İnsan ve Değer Şûrası 2025 Nevşehir/Kozaklı’da 22-24 Ağustos tarihlerinde “Değişen Dünya Düzeni ve Ümmet Bilinci” üst başlığıyla geniş katılımla sempozyum gerçekleştirildi.
“Değişen Dünya Düzeni ve Ümmet Bilinci” temasıyla düzenlenen programda, çağın getirdiği sosyal, teknolojik ve siyasal dönüşümlerin İslam toplumu üzerindeki etkileri çok yönlü şekilde ele alındı.
Açılışta Ümmet Vurgusu
Şûranın açılışı Kur’an-ı Kerim tilavetiyle yapılırken, İnsan ve Değer Hareketi Başkanı Zekeriya Şengöz, açılış konuşmasında ümmet bilincinin yeniden inşa edilmesi gerektiğine vurgu yaptı. Şengöz, “Yeni dünya düzeni, vahyin yerine aklı, ahiretin yerine bu dünyayı koyan bir sistemdir” diyerek Müslüman toplumların birlik içinde hareket etmesi çağrısında bulundu.
22 Ağustos’ta konuşan Prof. Dr. Halis Aydemir, “Bilgi Çağında Hikmeti Yitirmek” konusunu işleyerek, teknolojik dönüşümler karşısında sabit hakikatlerin önemine dikkat çekti. Aydemir, “İnsanın yaratılış gayesi değişmez; tevhid üzere yaşamak ve Allah’a kulluktur,” diyerek temel sorumlulukların altını çizdi.
Aynı gün bir diğer konuşmacı olan Prof. Dr. Muhittin Ataman ise “Değişen Dünya Düzeni ve Çağın Yeniden İnşası” başlıklı sunumunda, Batı medeniyetinin krizlerini ve küresel sistemin İslam dünyası üzerindeki baskılarını analiz etti. Ataman, “Hiçbir Müslümanın umutsuz olma hakkı yoktur. Çözüm, özümüze ve kök değerlerimize dönmektir,” ifadelerini kullandı.
Şûra kapsamında 23 Ağustos’ta yazar Ömer Özkızılcık, “Suriye Devrimi ve Değişen Dengeler” başlıklı sunumunda, Suriye’deki sürecin ilahi bir yardımın eseri olduğunu vurguladı. ABD’nin devrim sürecindeki tutarsız politikalarını ve Türkiye’nin bölgede üstlendiği garantör rolü üzerinde durdu.
Aynı gün gerçekleşen bir diğer sunumda, Ramazan Kayan, “Gazze: Ümmet ve Umut” başlığı altında Gazze direnişinin ümmet bilincindeki yerine değinerek, Filistin’in yalnızlaştırılmasının tarihsel sürecini ele aldı.

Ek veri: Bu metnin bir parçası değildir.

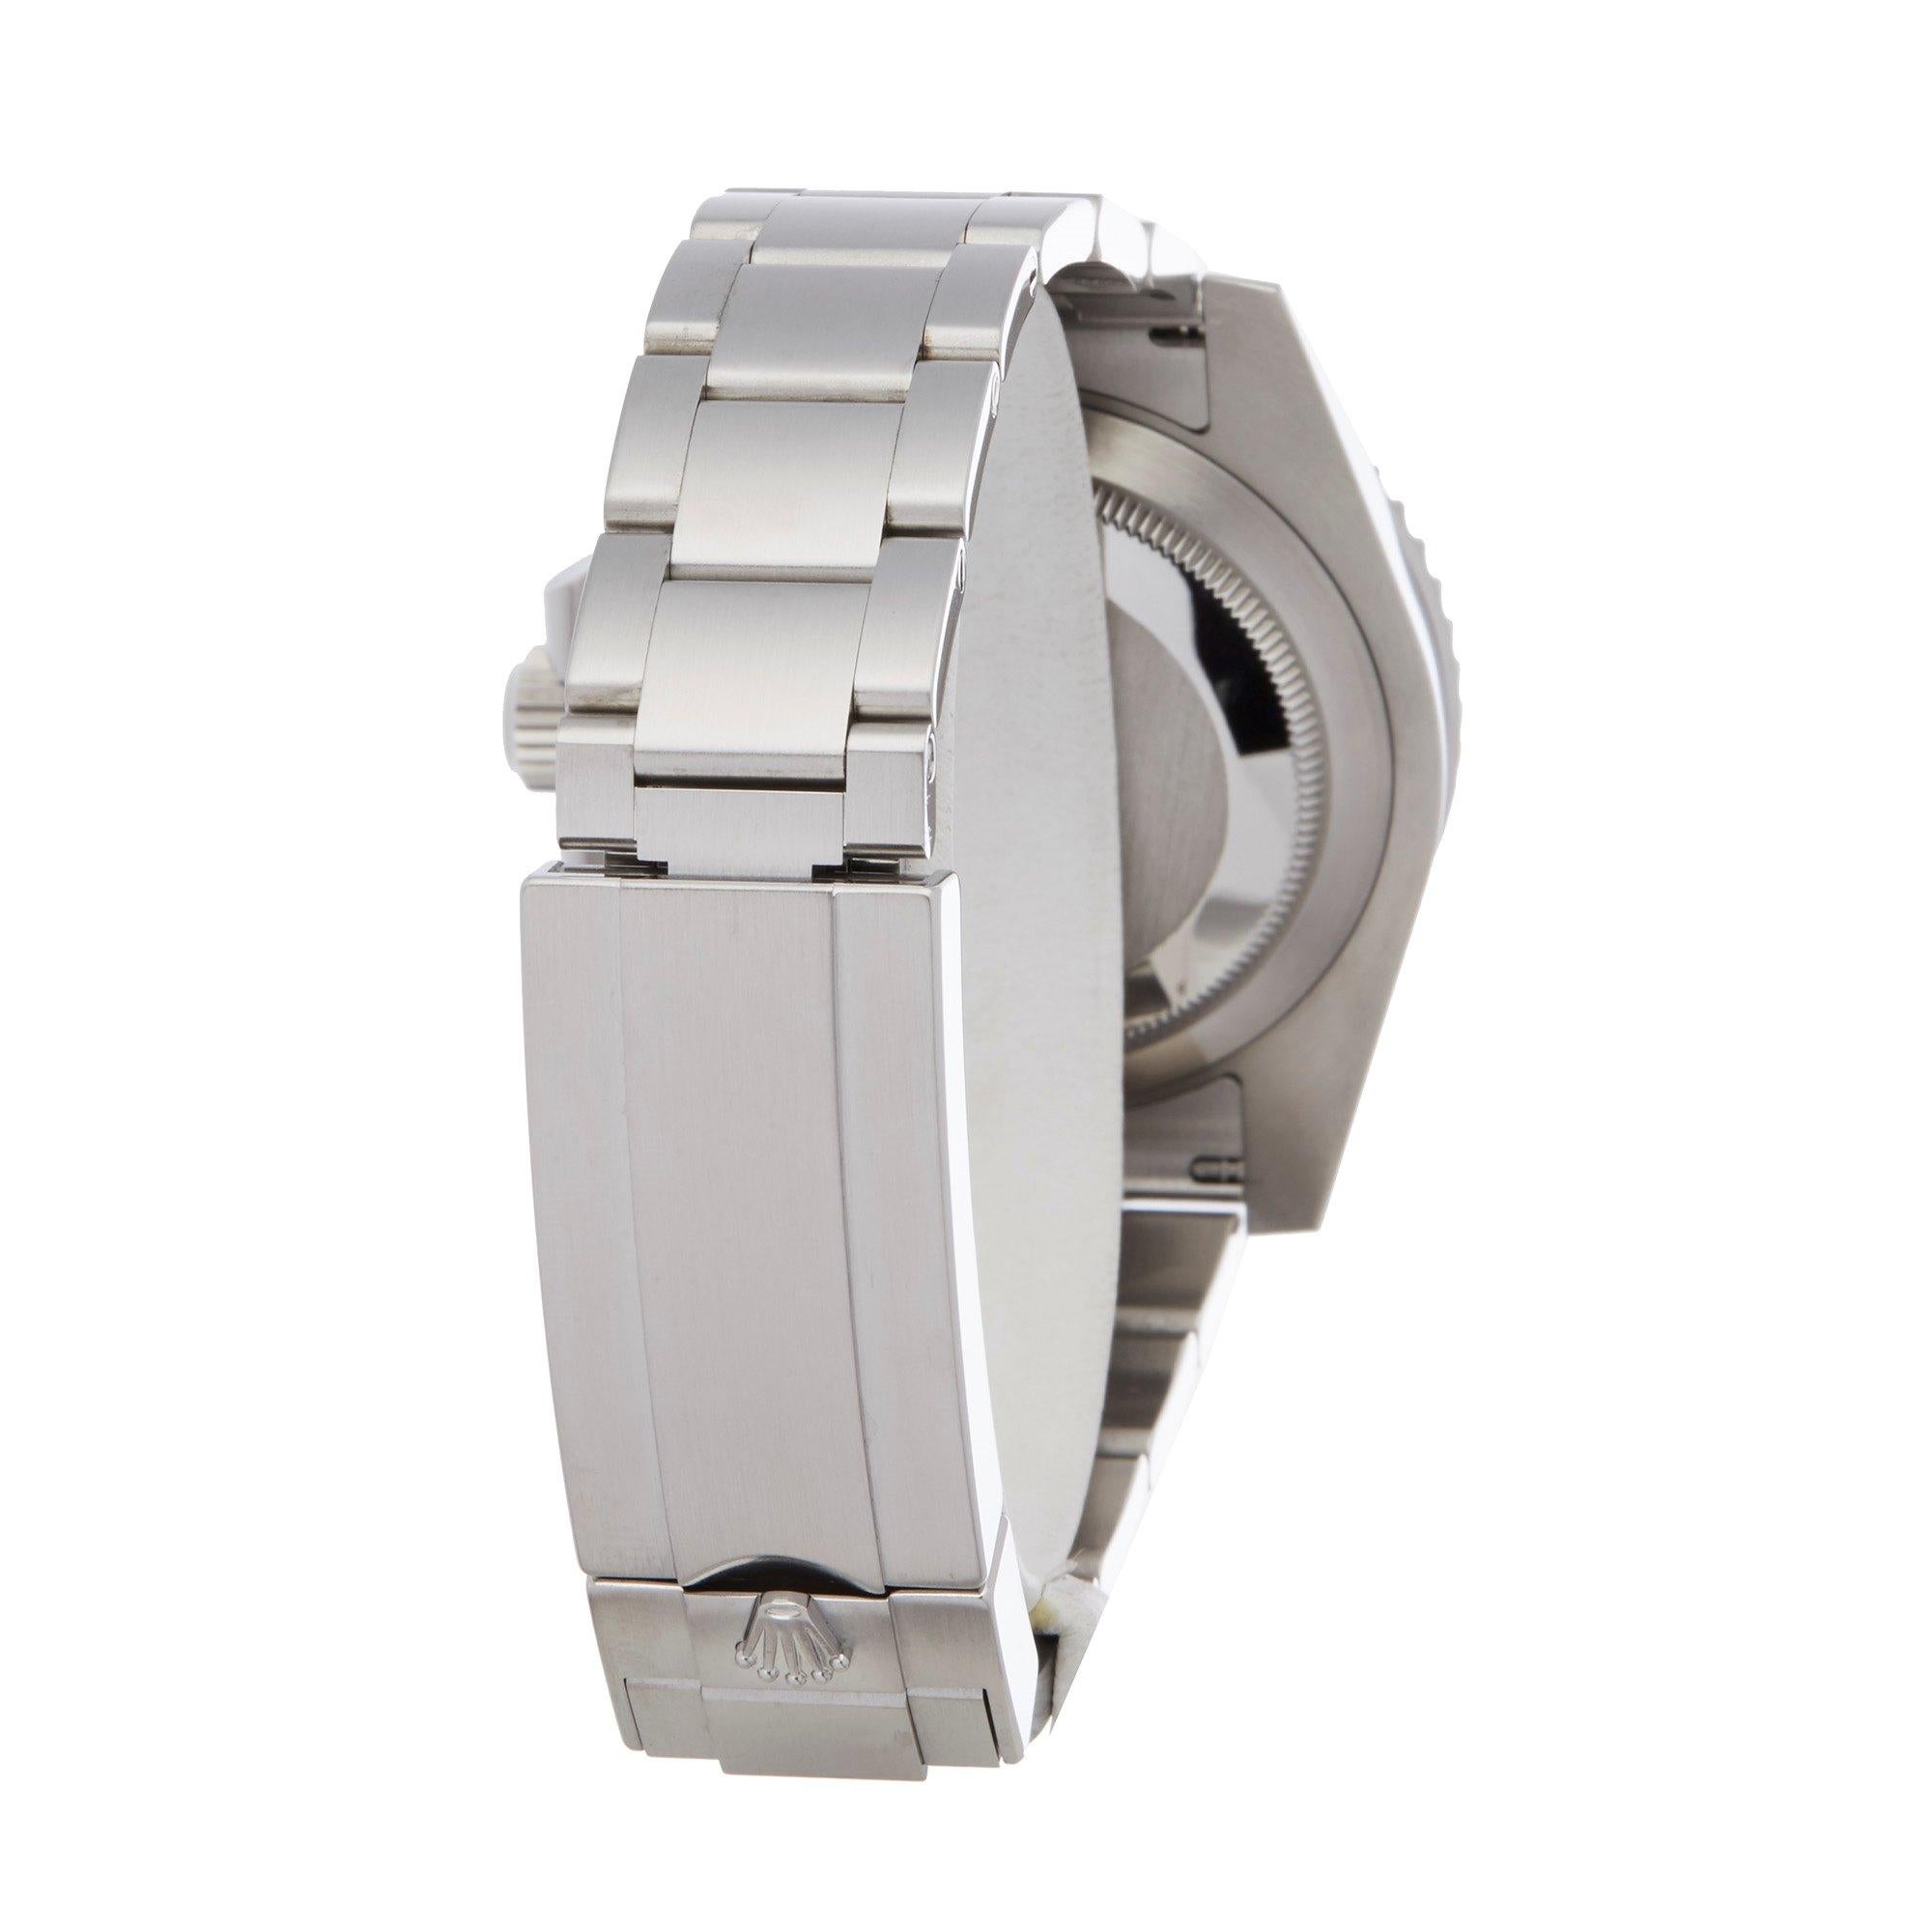 Rolex Submariner Non-Date 114060 Men's Stainless Steel Watch 2

24 Ağustos’ta düzenlenen Dijital Çağda İnsan Yetiştirmek konulu panelde yazarlar Said Ercan ve Abdülaziz Kıranşal, dijital çağın gençlik üzerindeki etkilerine değindi. Sosyal medyanın hem bir ifade aracı hem de bir manipülasyon zemini haline geldiğini belirten konuşmacılar, dijital mahremiyetin önemi ve bilinçli dijital vatandaşlık konularını öne çıkardı.
Kıranşal, yapay zekâ ve transhümanizm ideolojisinin “insan fıtratını tehdit eden” bir sürece dönüşme riskine dikkat çekti. 2040’lara yönelik öngörülerde ise beyin çipleri, metaverse ve dijital bilinç gibi teknolojik gelişmelerin insan değerleriyle çelişebileceği uyarısı yapıldı.
Ortak Mesaj: Değerlere Dönüş, Birlik ve Direniş
İnsan ve Değer Şûrası 2025, çağın getirdiği krizlere karşı ümmet birliği, ahlaki değerler, dijital bilinç ve manevi sorumluluklar temelinde bir yeniden inşa çağrısıyla sona erdi. Katılımcılar, geleceğe dair umutlarını İslam medeniyetinin dirilişin de bulduklarını ifade ettiler. Sonuç bildirgesinin okunmasıyla Program sonlandı.